The probability density is a key concept when discussing quantum mechanics, particularly in terms of interpreting wave functions. For a plane-wave function, the probability density is determined by calculating the absolute square of the wave function, denoted as \(|\psi(\vec{r},t)|^2\).

This involves multiplying the wave function \(\psi(\vec{r},t)\) by its complex conjugate \(\psi^*(\vec{r},t)\). Given the form of the plane-wave function \(|\psi(\vec{r},t)|^2 = |A|^2\), this simplifies to a constant value, which represents the likelihood of finding the particle at any given point in space.

• Probability density is not spatially dependent for plane waves.
• The magnitude of the probability density is dictated by the normalization constant \(A\).

The constancy of \(|A|^2\) reflects the free particle’s equal probability of being found anywhere in space, highlighting a fundamental difference from particles in potential wells or other constraints.

Schrödinger Equation

The Schrödinger Equation is a cornerstone of quantum mechanics, used to describe how the quantum state of a physical system changes over time. It is a partial differential equation that helps determine the wave function of a system.

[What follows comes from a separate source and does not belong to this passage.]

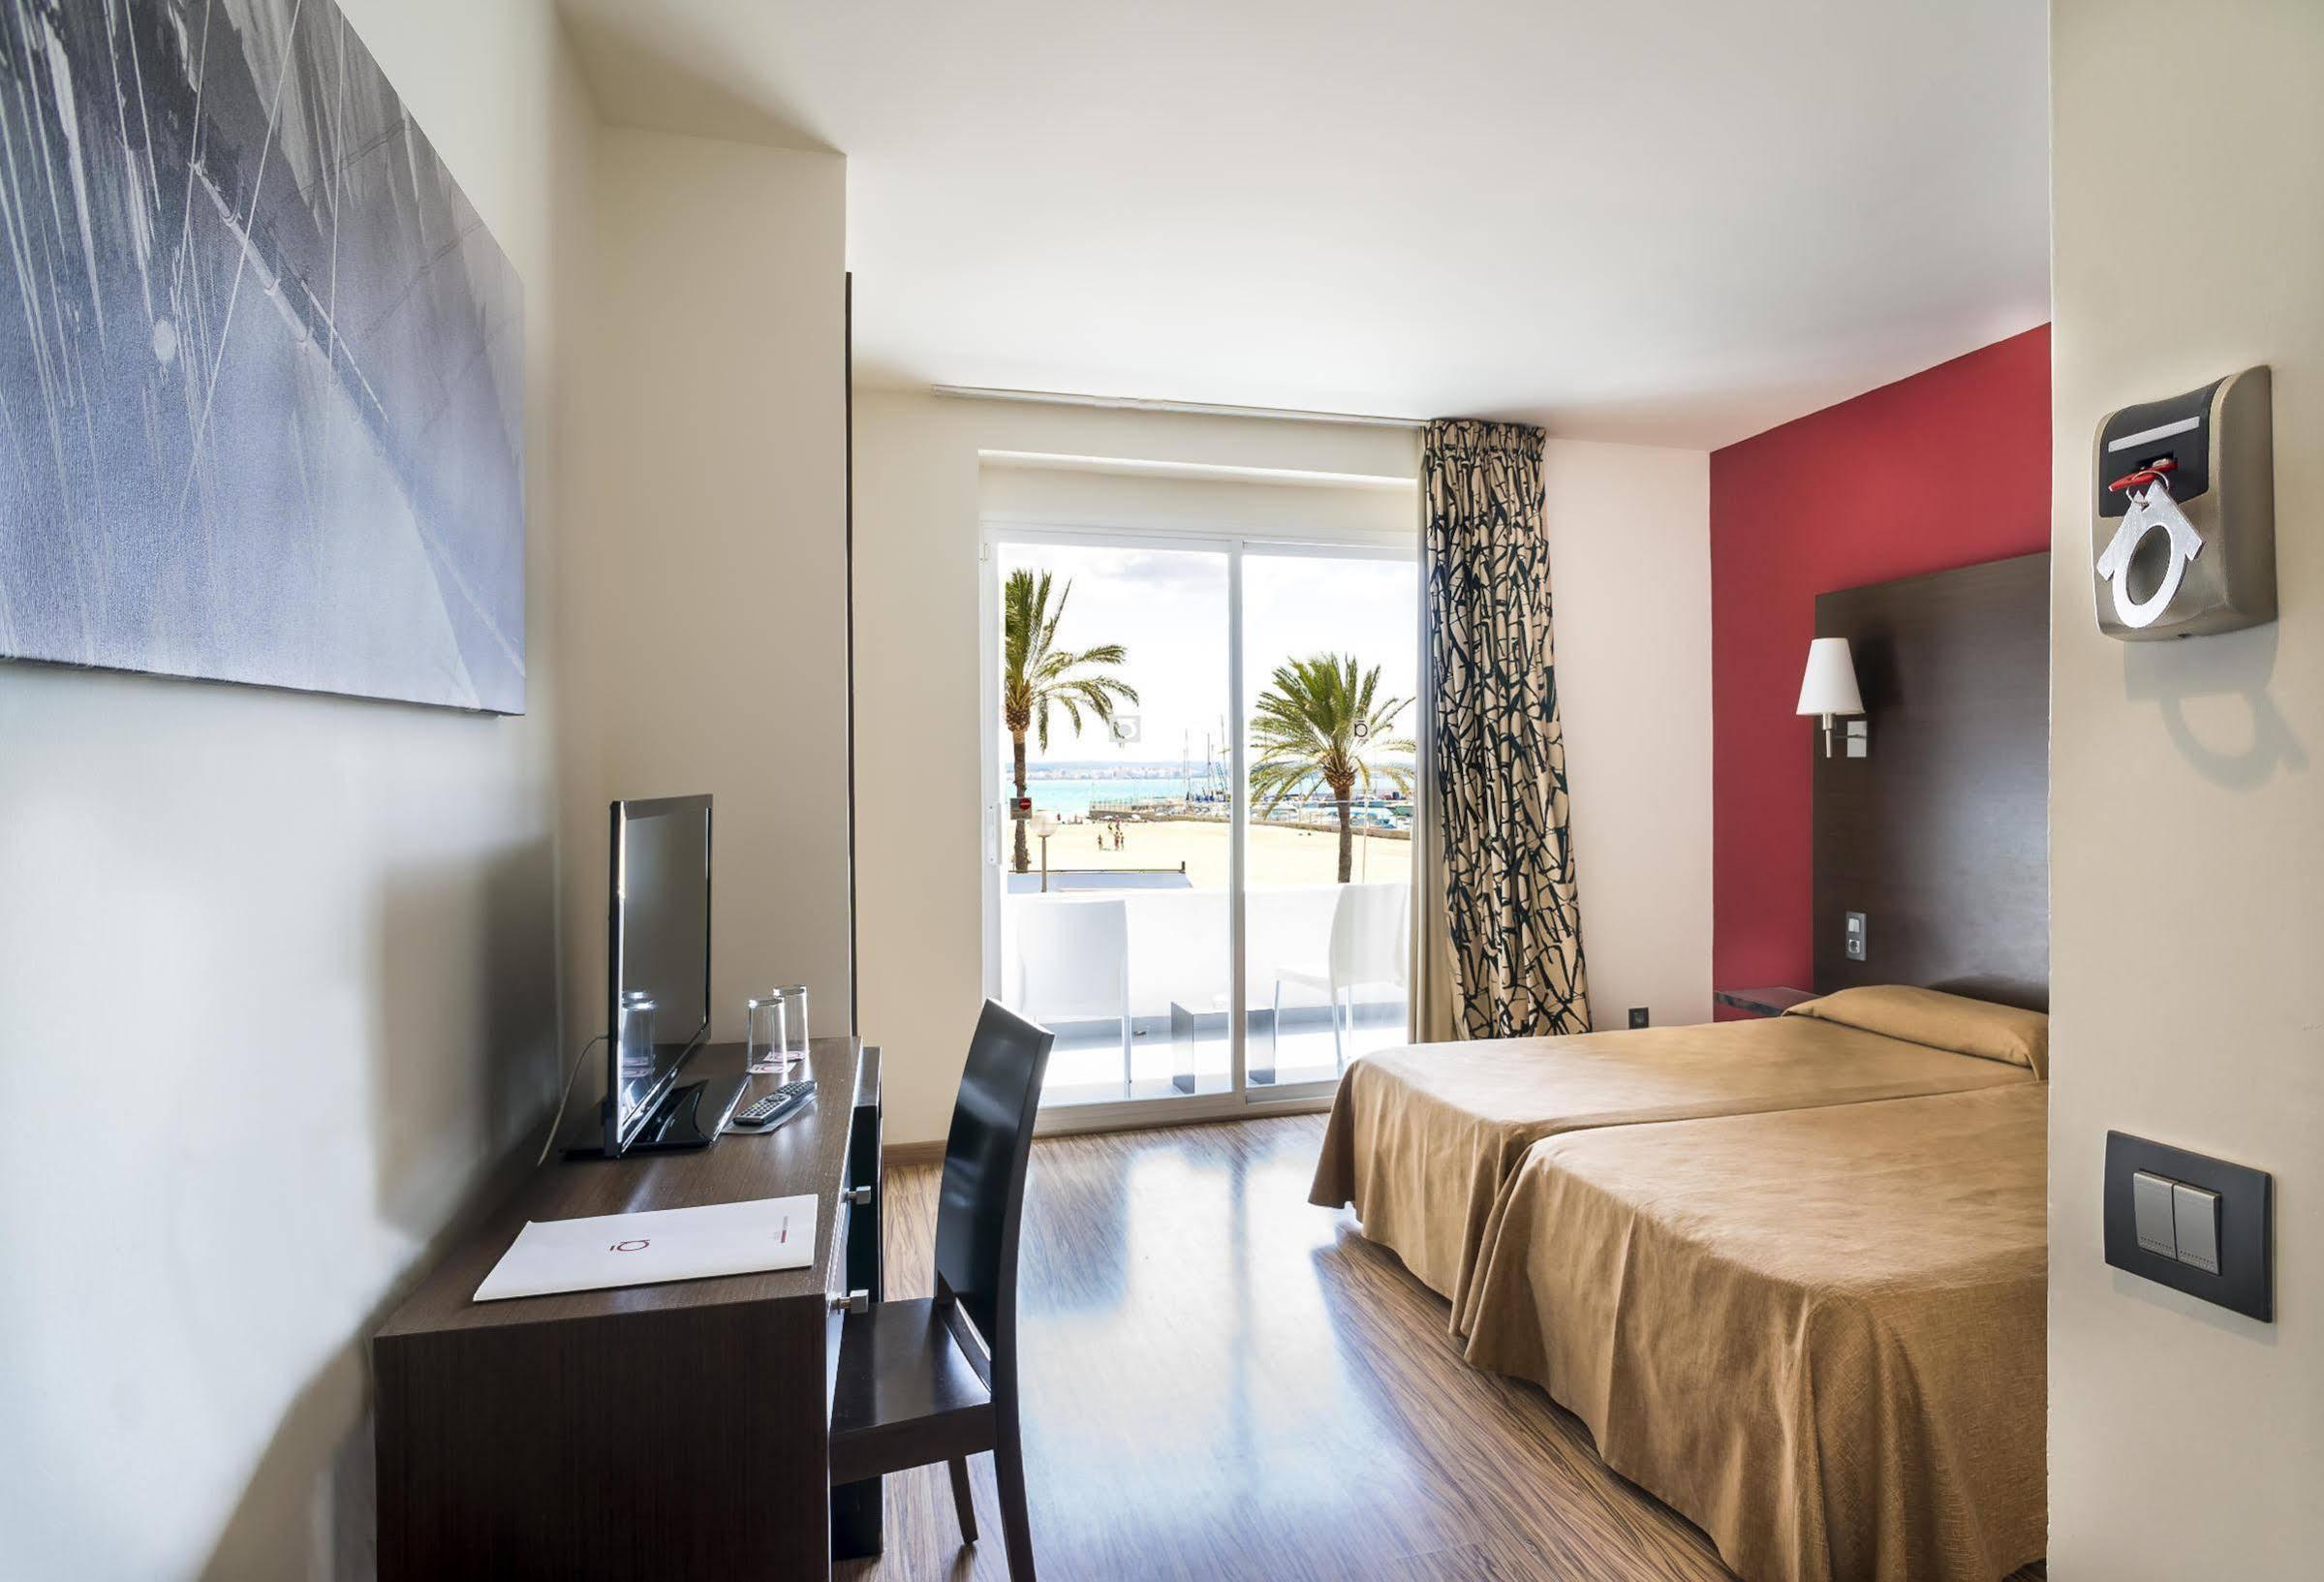 Nautic Hotel & Spa-Can Pastilla Updated 2022 Room Price-Reviews & Deals |  Trip.com

For a nonrelativistic free particle, the time-dependent Schrödinger Equation is expressed as:\[ i \hbar \frac{\partial}{\partial t} \psi(\vec{r}, t) = \hat{H} \psi(\vec{r},t)\]Here, \(\hat{H}\) is the Hamiltonian operator, which for a free particle is given by:\[ \hat{H} = -\frac{\hbar^2}{2m} abla^2\]This equation provides critical insights into wave function behavior over time.

• Time evolution of the wave function is governed by this equation.
• Solution for free particles appears as plane waves, encompassing both position and momentum.

This connection between kinetic energy and wave functions allows one to predict a particle's future behavior statistically.

Nonrelativistic Free Particle

A nonrelativistic free particle refers to a particle that is not influenced by external forces or potentials and moves at speeds much less than the speed of light. This simplifies our calculations by focusing purely on kinetic energy.

The kinetic energy in nonrelativistic quantum mechanics is given by \(E = \frac{p^2}{2m}\), with \(p\) representing momentum and \(m\) the mass of the particle.

• Nonrelativistic implies speeds are small compared to the speed of light, ensuring relativity isn't needed.
• Free particle motion is linear, following a path dictated by its initial conditions.

These simplifications allow us to use wave functions, such as plane waves, to efficiently describe their motion without the complexity of interactions.

Wave Function Normalization

Normalization of a wave function is crucial in ensuring that it aligns with the probabilistic interpretation of quantum mechanics. Normalization involves adjusting the probability density so that the total probability across all space equals one.

In mathematical terms, this is achieved through the integral:\[\int_{-\infty}^{\infty} |\psi(\vec{r},t)|^2 \, d\vec{r} = 1\]This ensures that a particle is certain to be found somewhere in space. For plane waves, normalization requires careful consideration since their probability density is constant over an infinite space.

• Normalization constant \(A\) is determined such that the integral of the probability density over all space is one.
• This condition is necessary to maintain physical realism and probability conservation.

This process is fundamental in all quantum mechanics, ensuring that theoretical models and real-world expectations align.